Number of processes running now: 0
070620 13:18:10 mysqld restarted
070620 13:18:10 InnoDB: Database was not shut down normally!
InnoDB: Starting crash recovery.
InnoDB: Reading tablespace information from the .ibd files...
InnoDB: Restoring possible half-written data pages from the doublewrite
InnoDB: buffer...
070620 13:18:10 InnoDB: Starting log scan based on checkpoint at
InnoDB: log sequence number 0 174234649.
InnoDB: Doing recovery: scanned up to log sequence number 0 174234649
InnoDB: Last MySQL binlog file position 0 21600151, file name /san/lun02/log/mysql-bin.000015
070620 13:18:11 InnoDB: Started; log sequence number 0 174234649
070620 13:18:11 [Note] Recovering after a crash using /san/lun02/log/mysql-bin
070620 13:18:11 [Note] Starting crash recovery...
070620 13:18:11 [Note] Crash recovery finished.
070620 13:18:13 [Note] /usr/libexec/mysqld: ready for connections.

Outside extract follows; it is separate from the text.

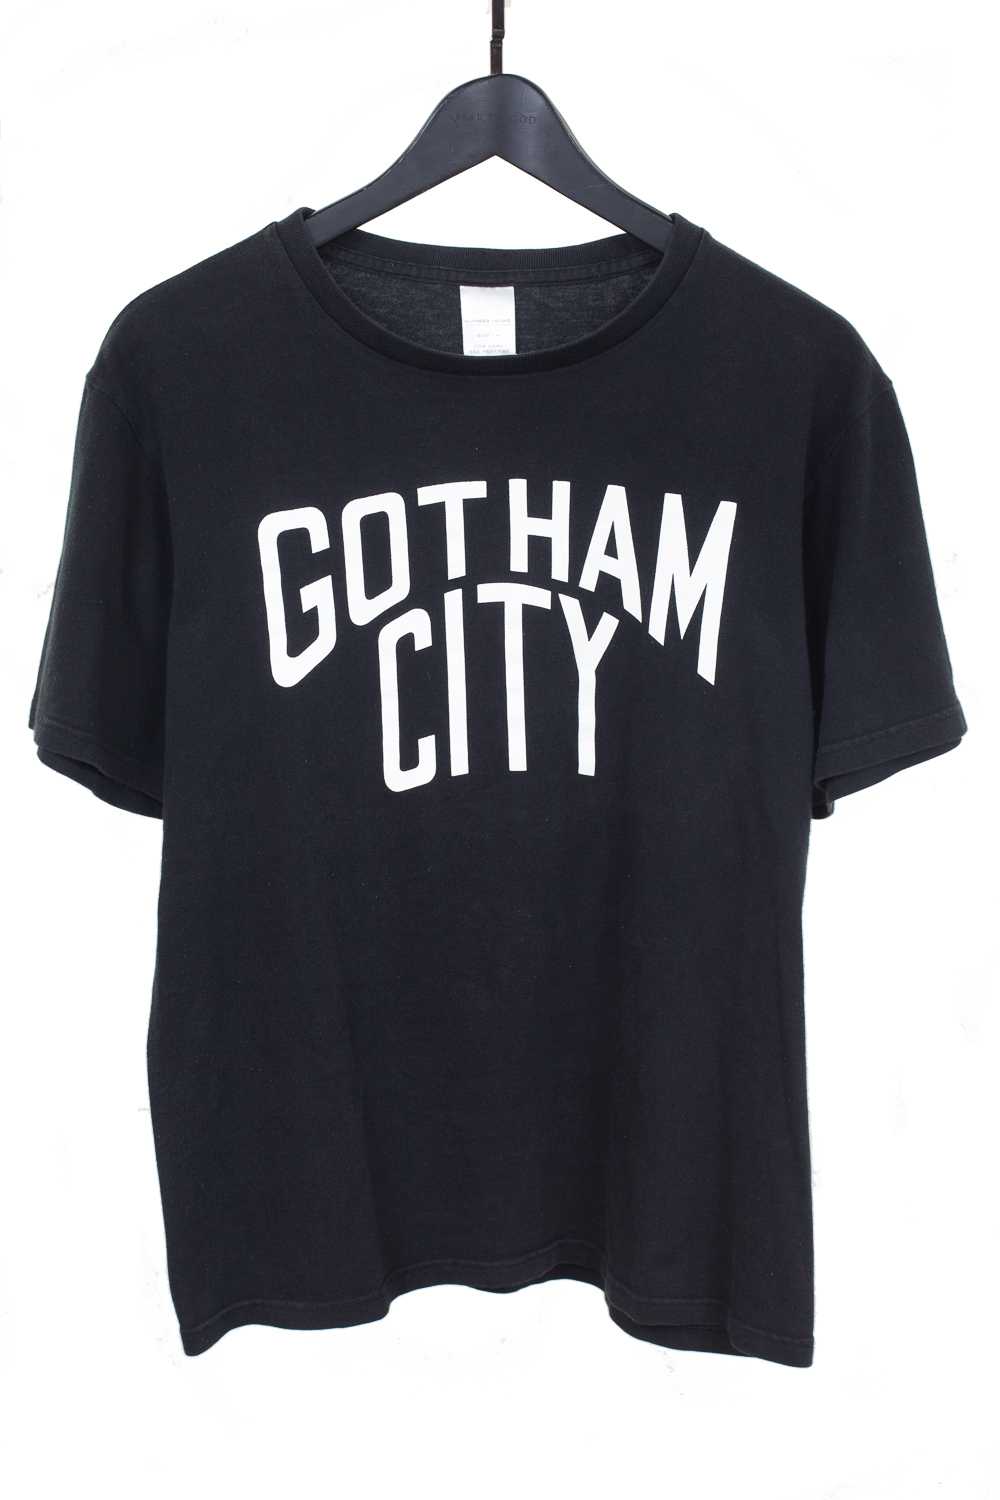 SS02 OG “Gotham City” - image 1

Version: '5.0.22-log' socket: '/san/lun01/mysql/mysql.sock' port: 3306 Source distribution
Here is my my.cnf:
[mysqld]
port = 3306
datadir = /san/lun01/mysql
socket = /san/lun01/mysql/mysql.sock
pid-file = /san/lun02/log/mysql.pid
key_buffer = 512M
max_allowed_packet = 16M
table_cache = 2048
sort_buffer_size = 8M
join_buffer_size = 8M
read_buffer_size = 8M
read_rnd_buffer_size = 32M
myisam_sort_buffer_size = 64M
thread_cache_size = 8
query_cache_size = 64M
query_cache_limit = 2M
binlog_cache_size = 1M
max_heap_table_size = 64M
ft_min_word_len = 2
default_table_type = MyISAM
thread_stack = 192K
tmp_table_size = 64M
# Try number of CPU's*2 for thread_concurrency
thread_concurrency = 8
back_log = 50
max_connections = 200
memlock
#InnoDB
innodb
innodb_data_home_dir = /san/lun01/ibdata
innodb_log_group_home_dir = /san/lun01/ibdata
innodb_additional_mem_pool_size = 16M
innodb_buffer_pool_size = 2G
innodb_data_file_path = ibdata1:10M:autoextend
innodb_file_io_threads = 4
innodb_thread_concurrency = 16
innodb_flush_log_at_trx_commit = 1
innodb_log_buffer_size = 8M
innodb_log_file_size = 256M
innodb_log_files_in_group = 3
innodb_max_dirty_pages_pct = 90
innodb_lock_wait_timeout = 120
innodb_fast_shutdown=2
# Clustering
#ndbcluster
server-id = 2
log-bin = /san/lun02/log/mysql-bin
log-bin-index = /san/lun02/log/mysql-bin.index
#log-output = TABLE,FILE
#log = /san/lun02/log/hermes-query.log
log-error = /san/lun02/log/hermes-error.log
log-slow-queries = /san/lun02/log/hermes-slow.log
long_query_time = 2
log_long_format
log_warnings
relay-log = /san/lun02/log/relay-log
relay-log-info-file = /san/lun02/log/relay-log.info
relay-log-index = /san/lun02/log/relay-log.index
master-info-file = /san/lun02/log/master.info
auto_increment_increment = 5
auto_increment_offset = 2
report-host = hermes
master-host = 192.168.10.20
master-user = replicate
master-password = <replication password>
replicate-same-server-id = 0
log-slave-updates
############################################################################
[mysqld_safe]
pid-file = /san/lun02/log/mysql.pid
err-log = /san/lun02/log/hermes-error.log
############################################################################
[mysql.server]
user=mysql
basedir=/san/lun02
############################################################################
[mysqldump]
quick
max_allowed_packet = 16M
############################################################################
[mysql]
no-auto-rehash
############################################################################
# The following options will be passed to all MySQL clients
[client]
port = 3306
socket = /san/lun01/mysql/mysql.sock
############################################################################
[isamchk]
key_buffer = 256M
sort_buffer_size = 256M
read_buffer = 2M
write_buffer = 2M
############################################################################
[myisamchk]
key_buffer = 256M
sort_buffer_size = 256M
read_buffer = 2M
write_buffer = 2M
############################################################################
[mysqlhotcopy]
interactive-timeout
############################################################################
How to repeat:
Wait a few hours and watch it crash again.